Balancing Mental Health with Academics
By Keiko Casserly '23
If you were to be asked “What’s more important, school or your mental health?” the obvious answer would be your mental health, right? This is something we all know but sometimes fail to actually put into practice. Now, I’m not going to lie to you and pretend my mental health is in perfect shape. I am a perfectionist to say the least, and sometimes it really is difficult to allow myself to take breaks; it can be almost guilt-inducing when I do. However, actively making sure I rest and allot time for self-care, as well as reminding myself that, although my grades are important, they do not define me--these are all things that I am trying to instill into my daily thoughts and actions. From a young age, we are constantly told that in order to be successful in life we must achieve academic excellence and have perfect transcripts with perfect grades. For many, getting into a great college and having a successful career is the end goal, but if achieving that means tearing yourself apart in the process, does it really count as reaching your goal?

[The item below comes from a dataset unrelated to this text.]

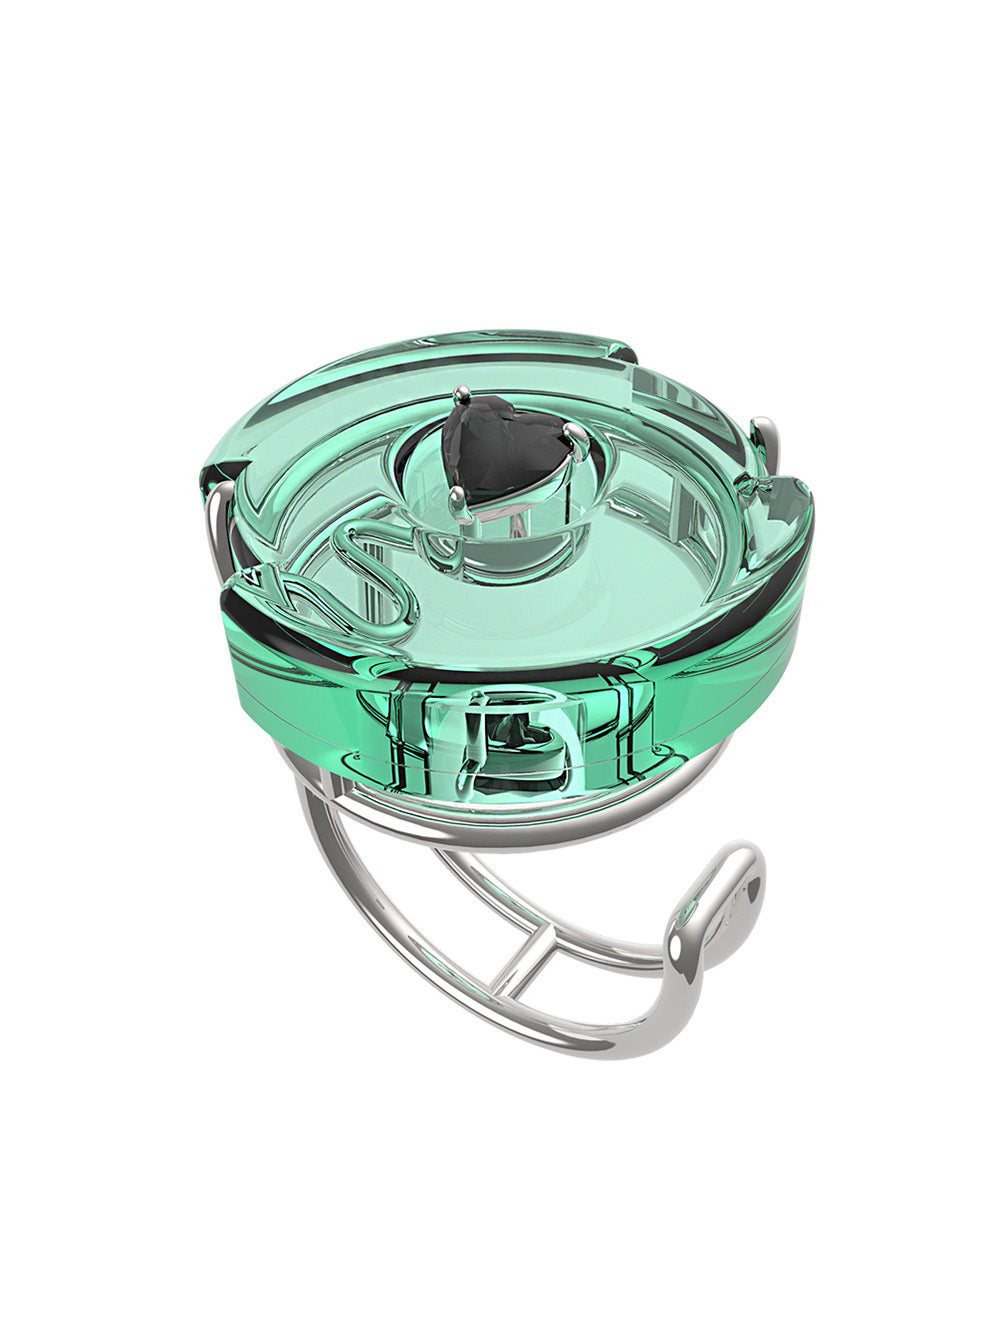 MUKTANK X GEL E LUA Futuristic Green Crystal Open Ring

As a junior, I am constantly reminded that time is ticking and college applications are quickly approaching. There’s this constant pressure to excel, not necessarily from my parents or teachers, but from myself, often stemming from the fear of failure. Last year, I was diagnosed with Attention Deficit Hyperactivity Disorder (ADHD), after which I began to understand many of the challenges I faced and tendencies I developed over the years, both in and outside of school. Growing up with ADHD made school incredibly difficult for me, especially because I was unaware of it. Besides the general difficulty with focusing in classes and chronic procrastination, there also came this seemingly never-ending lack of motivation, and my grades sometimes suffered as a result.
When I moved to California and transferred to ICA, I gained a lot more confidence in myself and my intelligence, fueling the motivation and drive I have now. However, the fear of self-sabotage and reverting to my old tendencies often fuels this drive as well, which ironically, can be a harmful mindset to maintain. I found myself overworking to make sure I got everything done and avoided taking breaks, leading me to feel very drained and burnt out; I even caught a cold from lack of sleep. I realized that no matter how much I want to succeed at everything I do, in order to do that I need to take care of myself first. I can never truly achieve my goals if I’m constantly ignoring my health, both physical and mental. As students, we’re going through a very stressful period in our lives and will be for some time, but as Lalah Delia says, “self-care is how you take your power back.”

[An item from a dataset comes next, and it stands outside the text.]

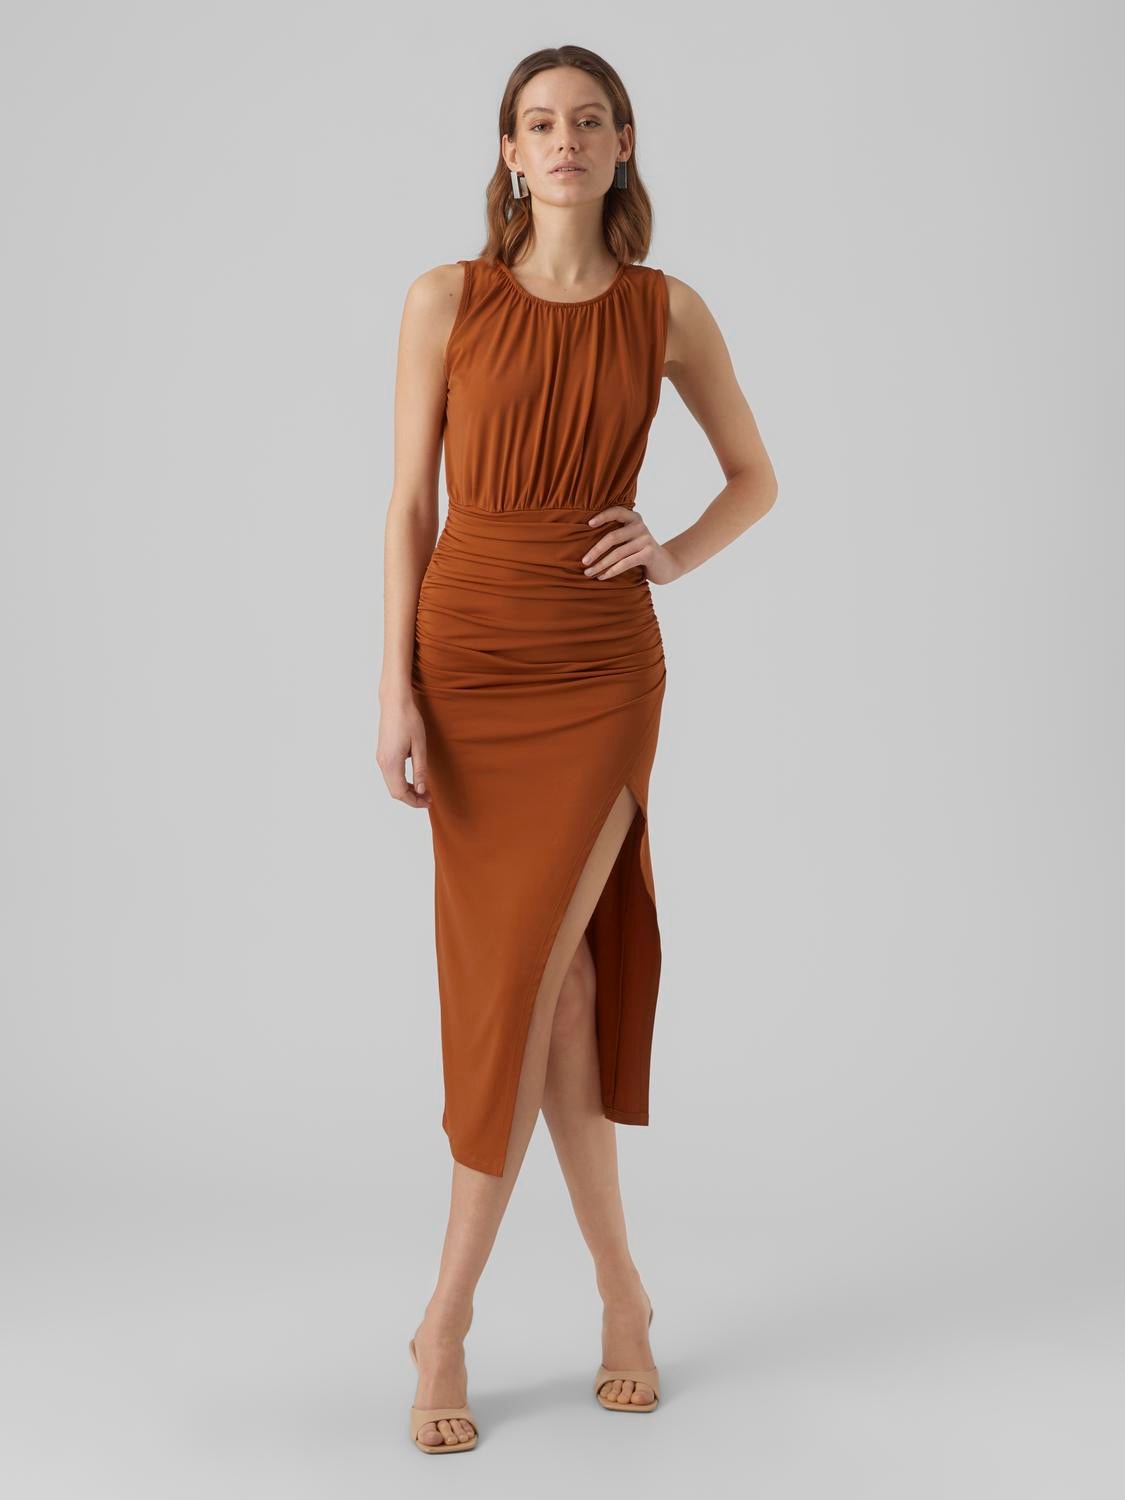 Knikken verlangen esthetisch Lange jurk | Donkerbruin | Vero Moda®

Here are some tips on taking care of your mental health:
Value yourself: Making time for yourself and your hobbies is always important for maintaining positive mental health. Set aside time for the things you enjoy or for the people you enjoy spending time with. From personal experience, making and keeping these promises to yourself, as well as having things to look forward to, can help with getting through a stressful week or day.

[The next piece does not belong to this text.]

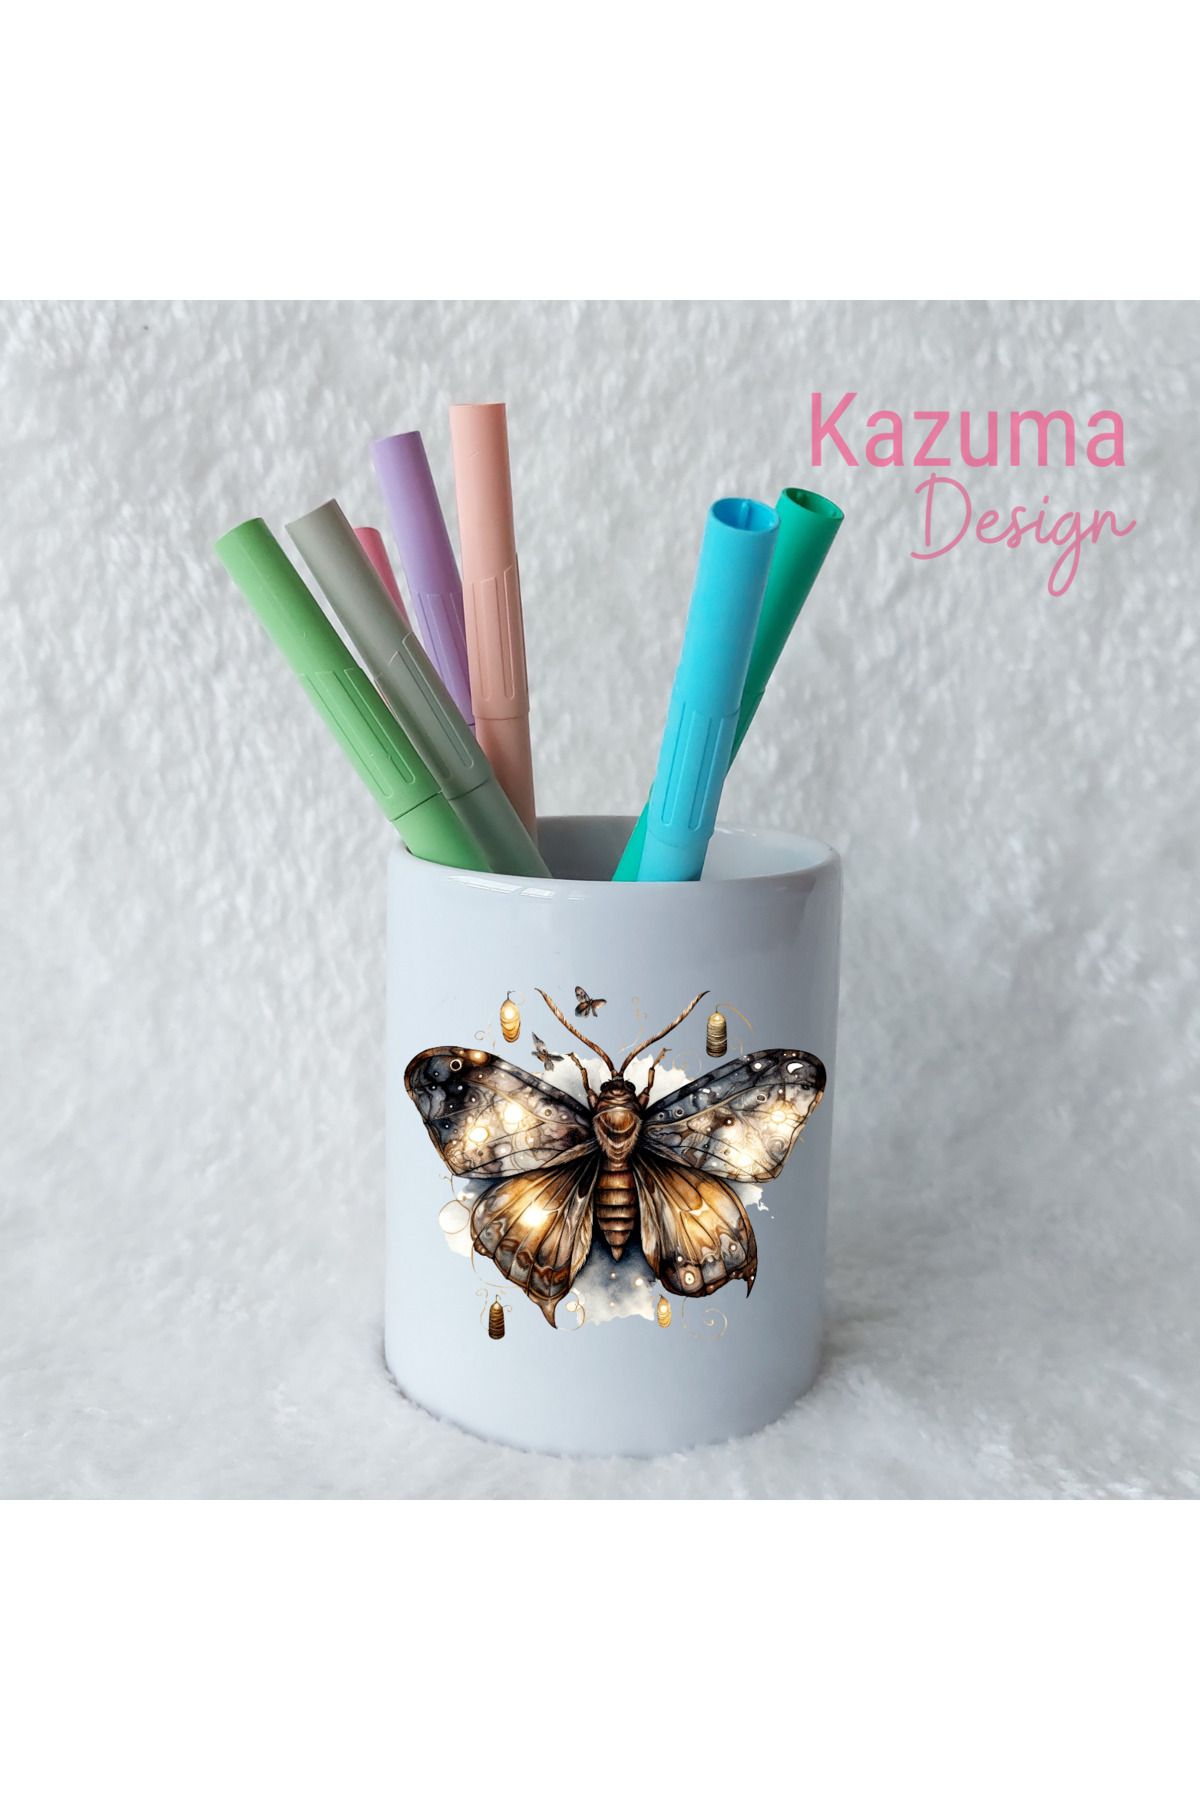 Kazuma Design Otantik Basklı Seramik Kalemlik Masa Üstü Kalem Kutusu

Create a support system: Creating a strong network of family, friends, and (possibly) a counselor can be very helpful when managing or experiencing stressful situations. As cliche as it may be, I always find that voicing my thoughts and emotions takes a weight off my shoulders.
Managing stress effectively: Finding non-self-destructive coping mechanisms for stress is beneficial to both your mental and physical health. Finding a coping skill that works for you, whether it be exercising, journaling, or meditation, is very important for positive mental health.